Comment by Midwesterner Monday, Apr 24, 23 @ 1:35 pm
“ ===A law shouldn’t get passed because a lobbyist took someone out to dinner===
You think that actually happens?”
Lol, no, I don’t think anyone is that cheap. I do think that it can build up. How many favors can you do your “friends” (and vice versa, of course) before your judgement becomes suspect? I would err on the side of caution, even if that makes it harder for lobbyists to build relationships.
Comment by Perrd Monday, Apr 24, 23 @ 1:48 pm
There are pattern jury instructions for the Northern District of Illinois if anyone is interested: https://tinyurl.com/3ctnxu39. The defense can strenuously object all they want. The district court is not going to deviate from the pattern jury instructions.
Comment by Three Dimensional Checkers Monday, Apr 24, 23 @ 2:09 pm
==== But, it seems ComEd’s agreement to simply pay a fine reflected an explicit or implicit acceptance that its conduct simply was the only response to the Speaker’s automatically shutting down proposals favorable to ComEd. =====
I am trying to find the filing but I thought that the judge would not allow the feds to introduce Comed’s plea and payment to be introduced. Still looking for that.
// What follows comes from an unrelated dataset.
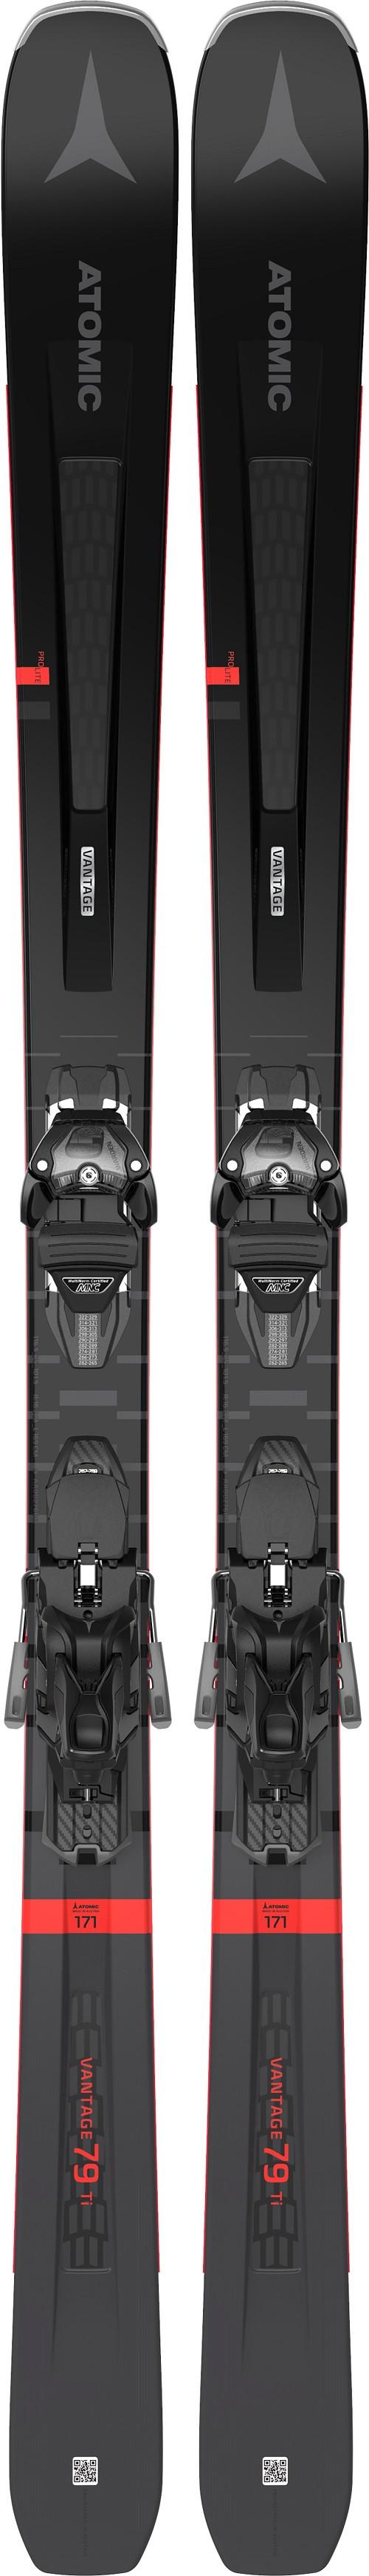 ESQUI VANTAGE 79 TI + F 12 GW

Comment by Been There Monday, Apr 24, 23 @ 3:22 pm
===Still looking for that===
I believe that is correct. It was handled in pre-trial motions with the Judge ruling that the ComEd plea deal/fine would be prejudicial to the defense.
Very prejudicial I think. The prosecution was not able to show that ComEd itself thought the actions of its management ran afoul of normal practices, so much so that they didn’t want to risk further damages. ComEd cut Prammagiore, Dominguez, Marquez and Hooker loose to fend for themselves. ComEd washed its hands of the whole matter and moved on. For $200 million but no admission of guilt.
I think it’s very germane to the prosecution’s case, but also makes it nearly impossible for the defendants to get a fair trial. Tough call by the judge, but the right one I think.
Prammagiore buried herself on the stand. Cotter’s closing arguments didn’t even attempt to recast McClain’s own words from the tapes/e-mails. The defense has so far insisted that there was no evidence, despite piles of evidence staring the jury in the face.
A better strategy would have been to make Marquez the fall guy, but as the old saying goes, “the first one on the bus gets the best seat.”
Comment by 47th Ward Monday, Apr 24, 23 @ 4:30 pm
From Crains story on April 13th:
“Jurors, though, aren’t aware — or aren’t supposed to be, at least — that ComEd effectively pleaded guilty nor that Dominguez was in charge when it did. Leinenweber has agreed with defense attorneys to keep that evidence out of the trial.”